TASK PROMPT
Output, exactly and with no pictures, the line that contains "Helly Hansen Mens" and every line that comes after it in the data below, the last one included.

INFORMATION PROVIDED
****************************************

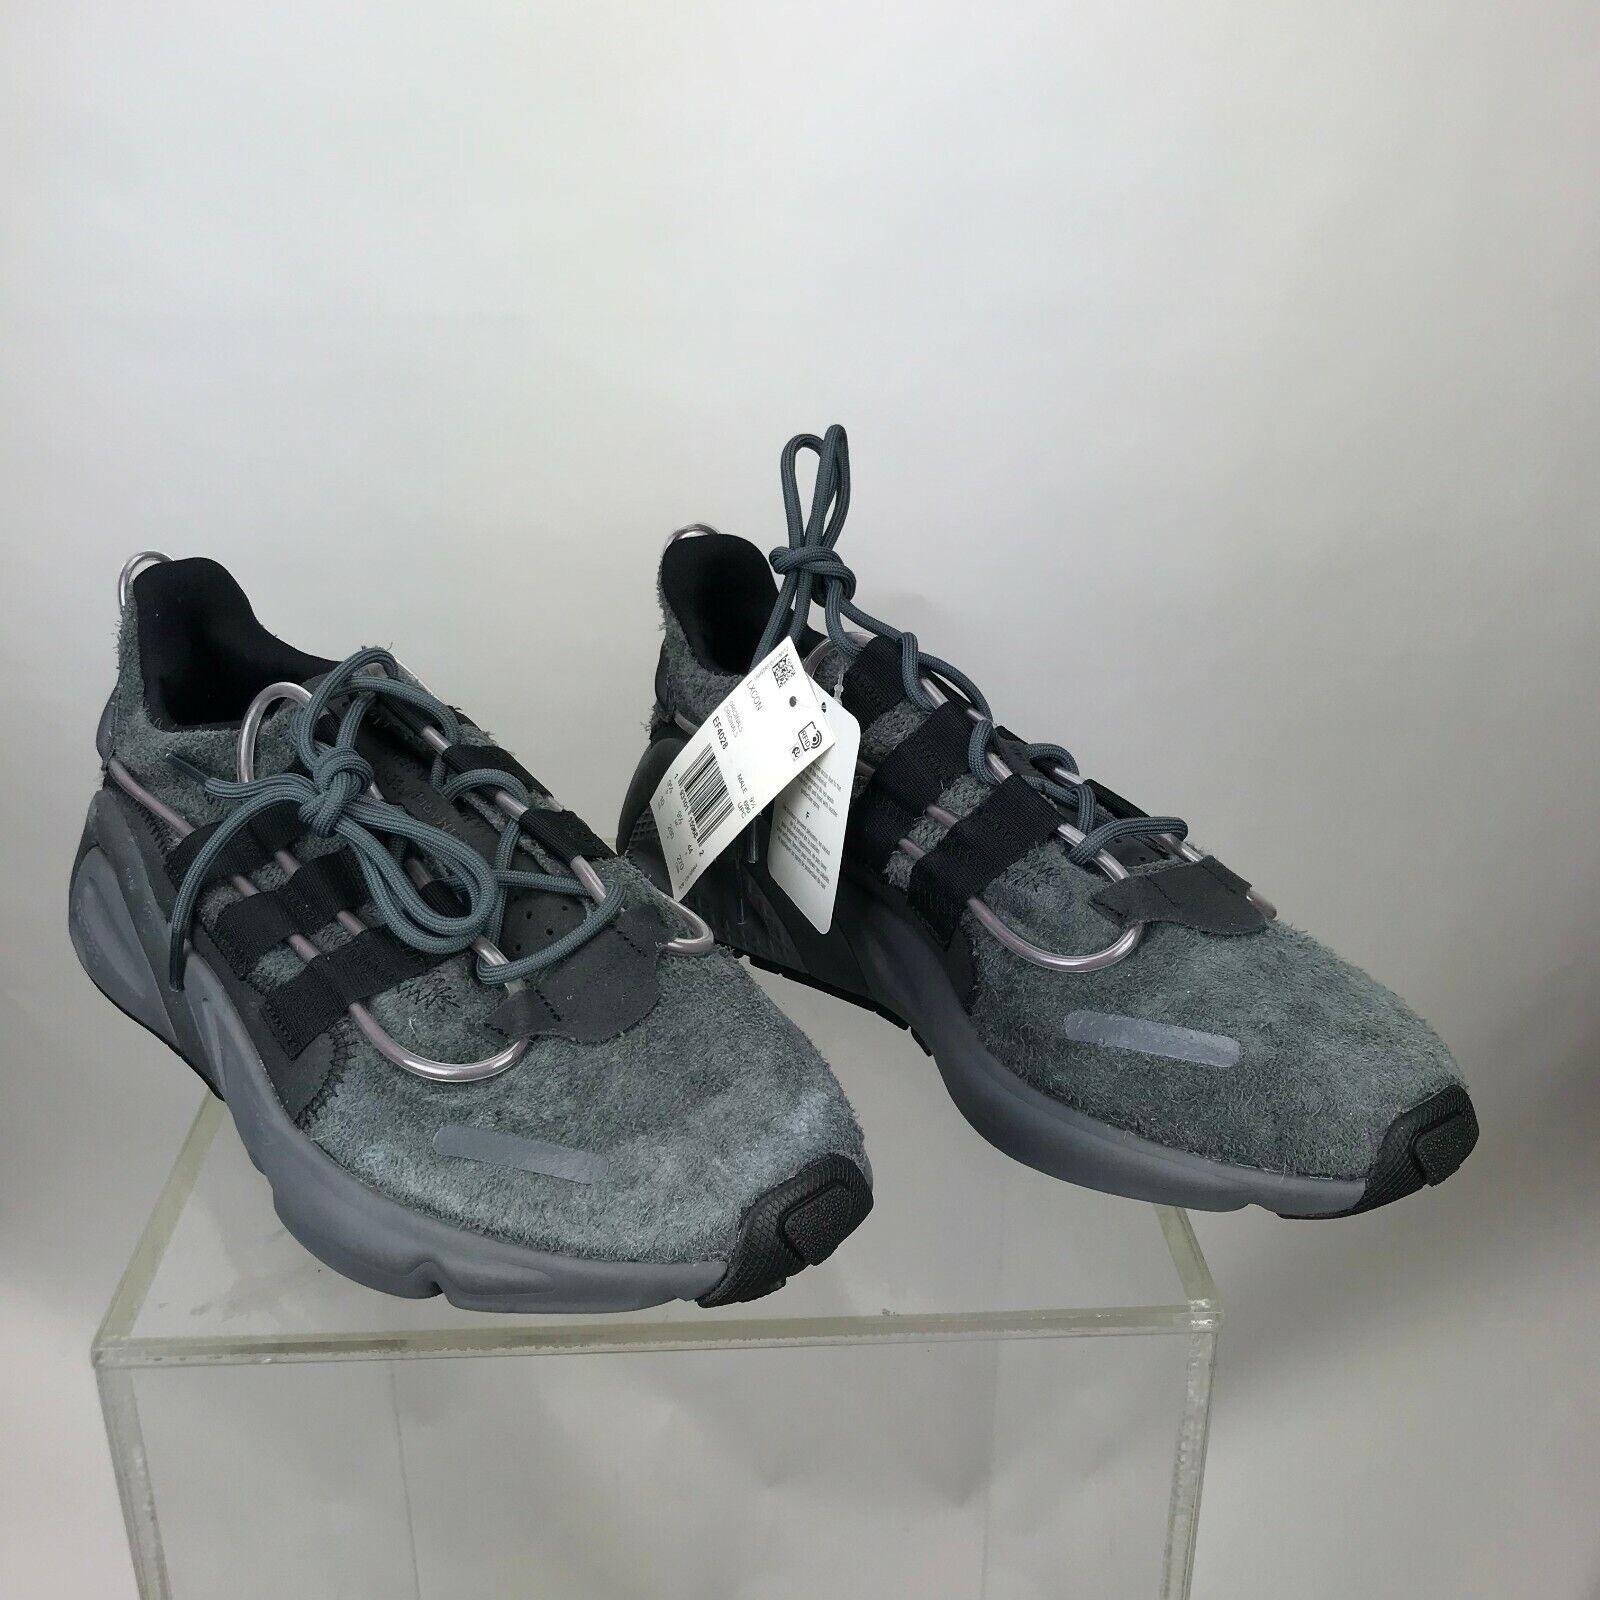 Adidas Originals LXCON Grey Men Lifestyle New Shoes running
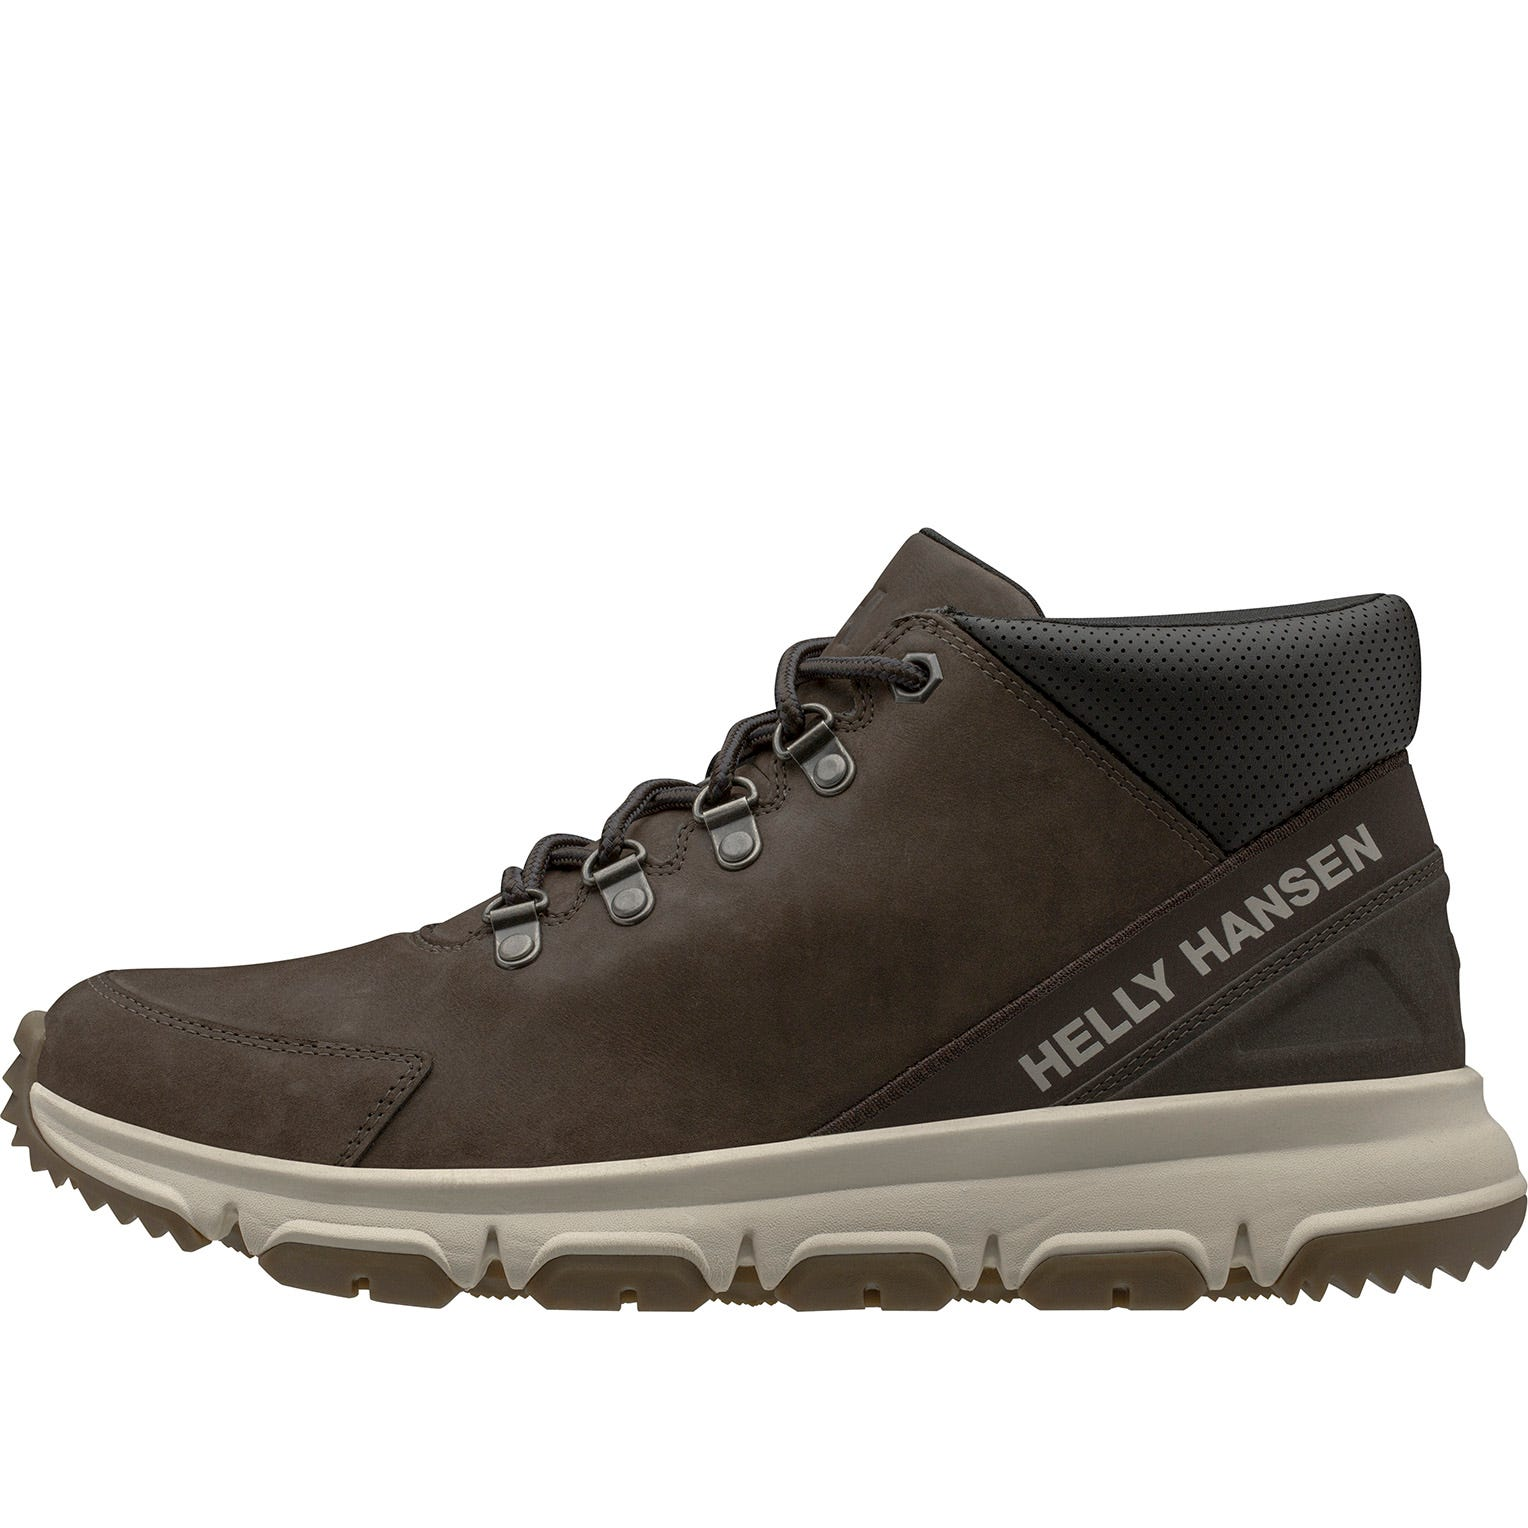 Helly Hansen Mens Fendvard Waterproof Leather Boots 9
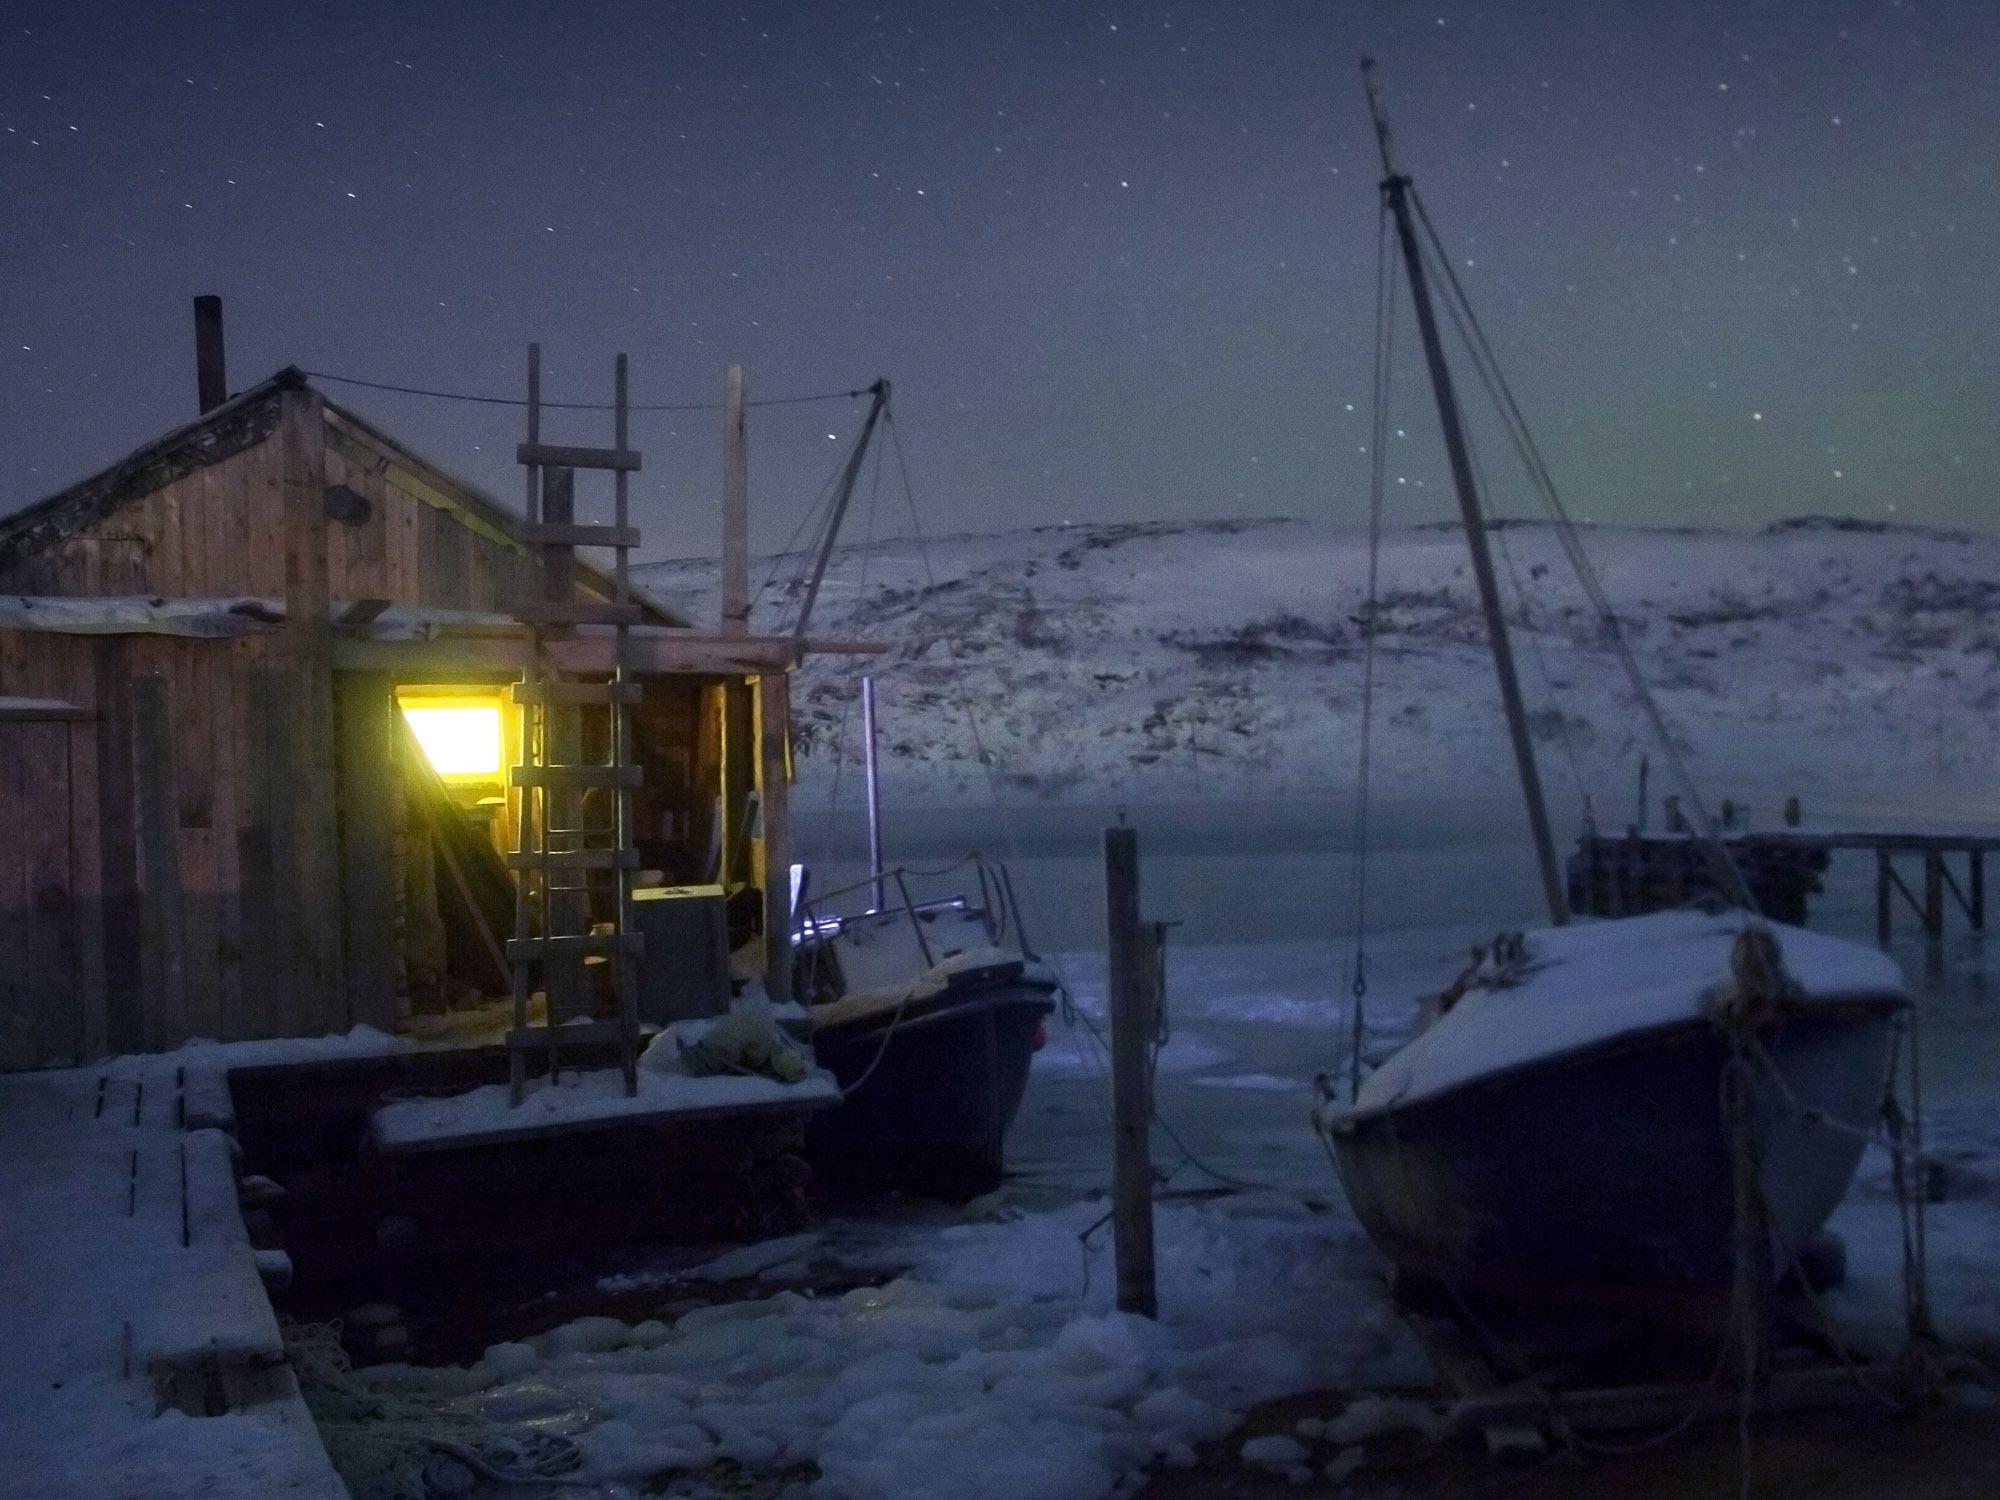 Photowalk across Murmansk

****************************************

SOLUTION FOR THIS PROBLEM
 Helly Hansen Mens Fendvard Waterproof Leather Boots 9
 Photowalk across Murmansk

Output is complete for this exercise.